Discriminant function

A discriminant function or separator function is a function that assigns a score value to each observation during discriminant analysis. The group membership of each observation and the boundaries between the groups are determined from the score value. If the observations are known to belong to a group, the feature variables are combined into a single discriminant variable with minimal loss of information.

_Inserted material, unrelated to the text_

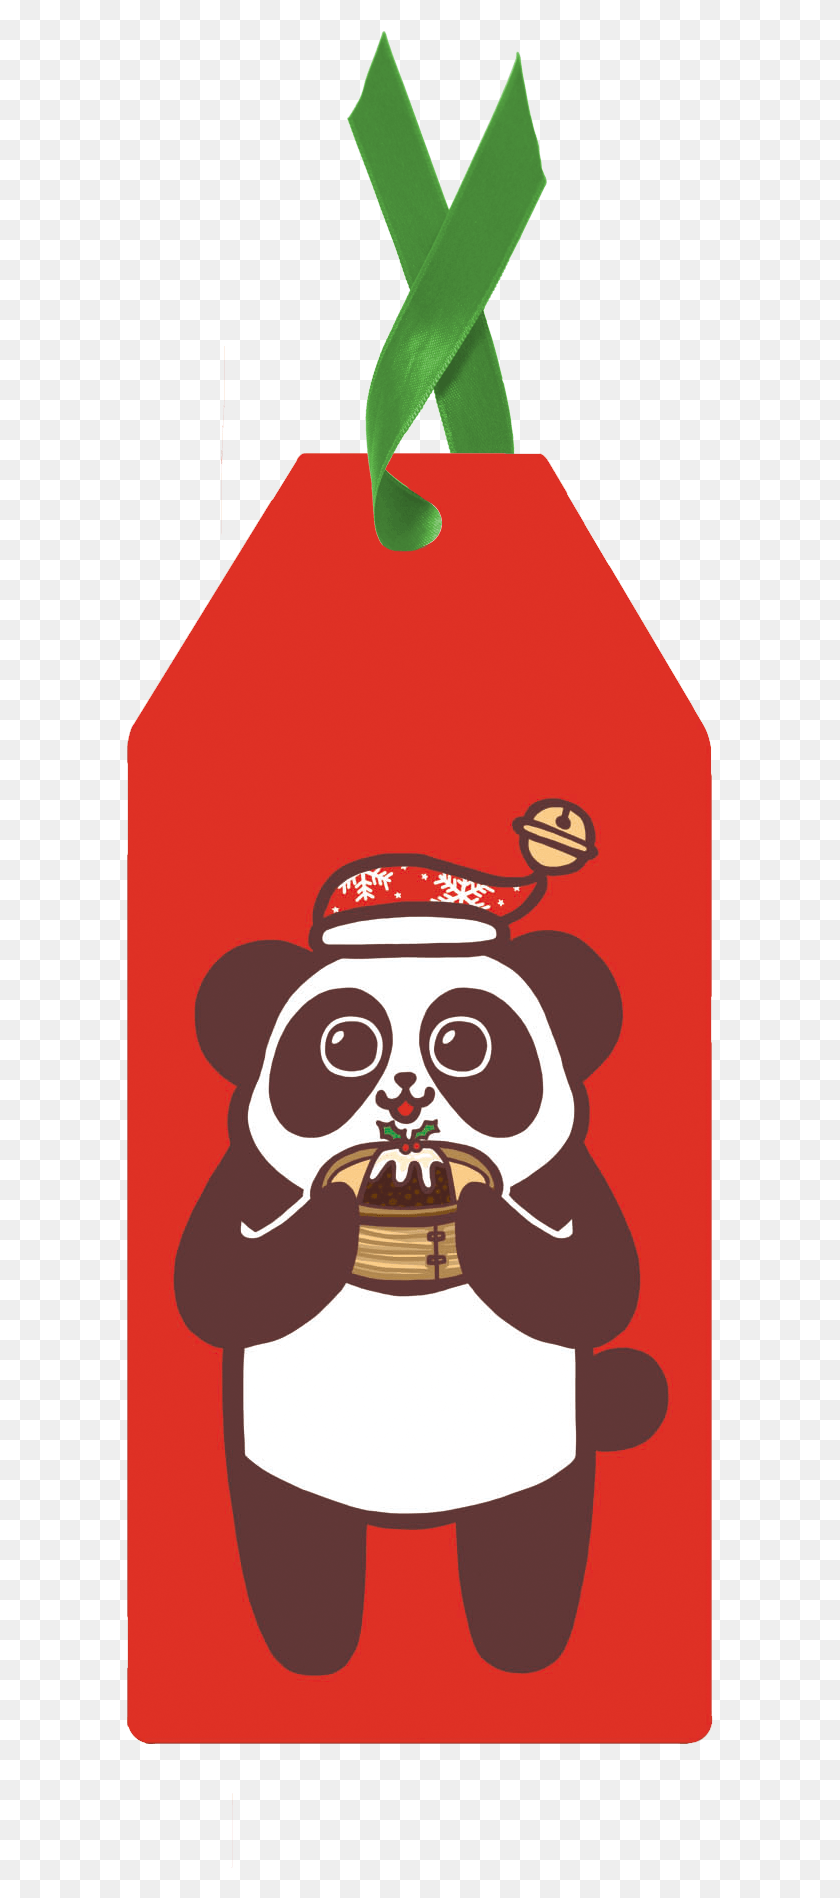 587x1838 Descargar Png / Panda Rojo Etiqueta De Regalo De Dibujos Animados, Anuncio, Cartel, Etiqueta Hd Png

The Fisher'sche discriminant is the best known discriminant function the Fisher'sche criterion realized. It was developed by RA Fisher in 1936 and describes a metric that measures the quality of the separability of two classes in a feature space and was published by him in The use of multiple measurements in taxonomic problems in 1936 .

introduction

Given are d-dimensional feature vectors of which the class and the class belong. A discriminant function describes the equation of a hyperplane that optimally separates the classes from one another. There are linear and non-linear , depending on the separability of the classes, which is explained in two dimensions in the following figure. ${\ displaystyle N}$ ${\ displaystyle \ mathbf {x}}$ ${\ displaystyle n_ {1}}$ ${\ displaystyle C_ {1}}$ ${\ displaystyle n_ {2}}$ ${\ displaystyle C_ {2}}$

example

Good (blue) and bad (red) borrowers in a bank.

The graphic on the right shows good (blue) and bad (red) credit customers of a bank. The income is shown on the x-axis and the customer's loan amount (in thousands of EUR) on the y-axis. The discriminant function results from

{\ displaystyle d = -0 {,} 256-0 {,} 048 {\ text {income}} + 0 {,} 007 {\ text {loan amount}}}

.

The parallel black lines from the bottom left to the top right result for . ${\ displaystyle d = -3, -2, \ ldots, 3}$

The values of the discriminant function for each observation are given below the data point. You can see that the bad customers have high scores in the discriminant function, while good customers have low scores. A derived rule for new customers could be:

{\ displaystyle d = {\ begin {cases} \ leq 0 & \ Rightarrow {\ text {good customer}} \\> 0 & \ Rightarrow {\ text {bad customer}} \ end {cases}}}

Linear discriminant function

As the introductory example shows, we are looking for a direction in the data so that the groups are separated from one another as best as possible. This direction is indicated in the graphic with the dashed line. The dashed and black lines that cross at the black point form a new rotated coordinate system for the data.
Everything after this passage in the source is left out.